The 74,000-square foot Glass Pavilion opened in August 2006 to considerable critical acclaim. ArtNet described it as "a striking symbol of cultural power. Intended to give pride of place to the institution's collection of art glass." In his review for The New York Times, Nicolai Ouroussoff wrote, "Composed with exquisite delicacy, the pavilion's elegant maze of curved glass walls represents the latest monument to evolve in a chain extending back to the Hall of Mirrors at Versailles." Ouroussoff commented on the pavilion's relationship with the museum's other buildings: "The Glass Pavilion is part of a loosely knit complex that includes the Beaux-Arts-style art museum here and the University of Toledo's Center for the Visual Arts, designed by Frank Gehry. With its grand staircase leading up to a row of Ionic columns, the original museum is both a temple to art and a monument to the belief in high culture's ability to uplift the life of the worker.

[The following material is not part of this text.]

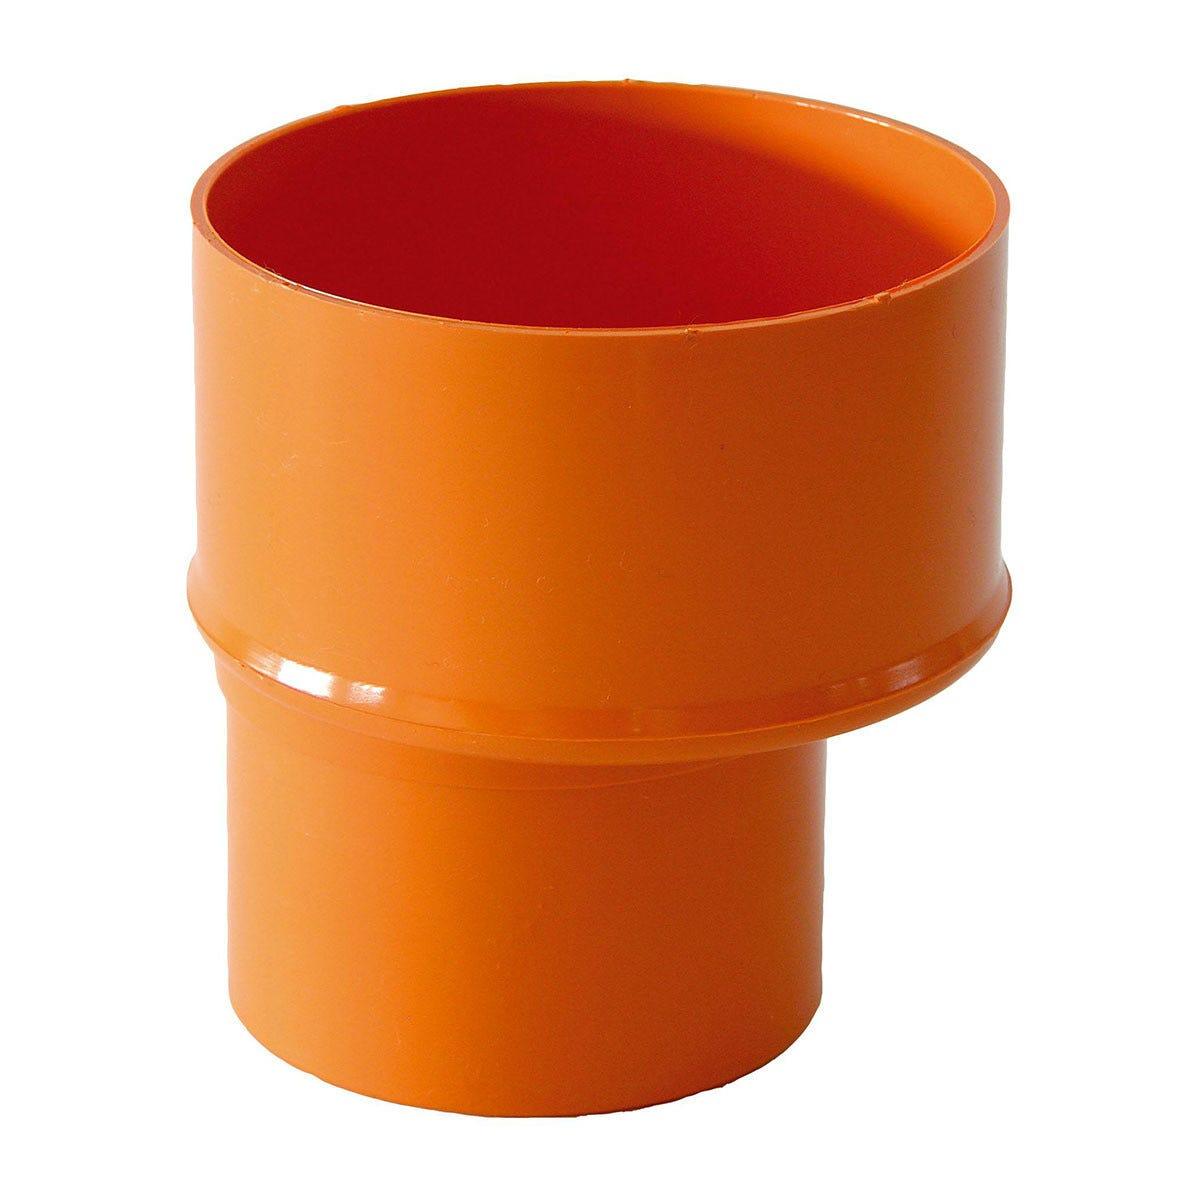 riduzione Ø 125x100 mm pvc arancio

The new structure's low, horizontal form, fits in this context with remarkable delicacy, as if the architects hesitated to disturb the surroundings." The Pavilion is host to 700 public glass blowing exhibitions per year, as well as community events such as (Re)New Year's Days, inspired by art, yoga, movement, and meditation, and Art of the Cut, a celebration of Black barbers and their roles as artists and men's wellness advocates that was sponsored by ProMedica.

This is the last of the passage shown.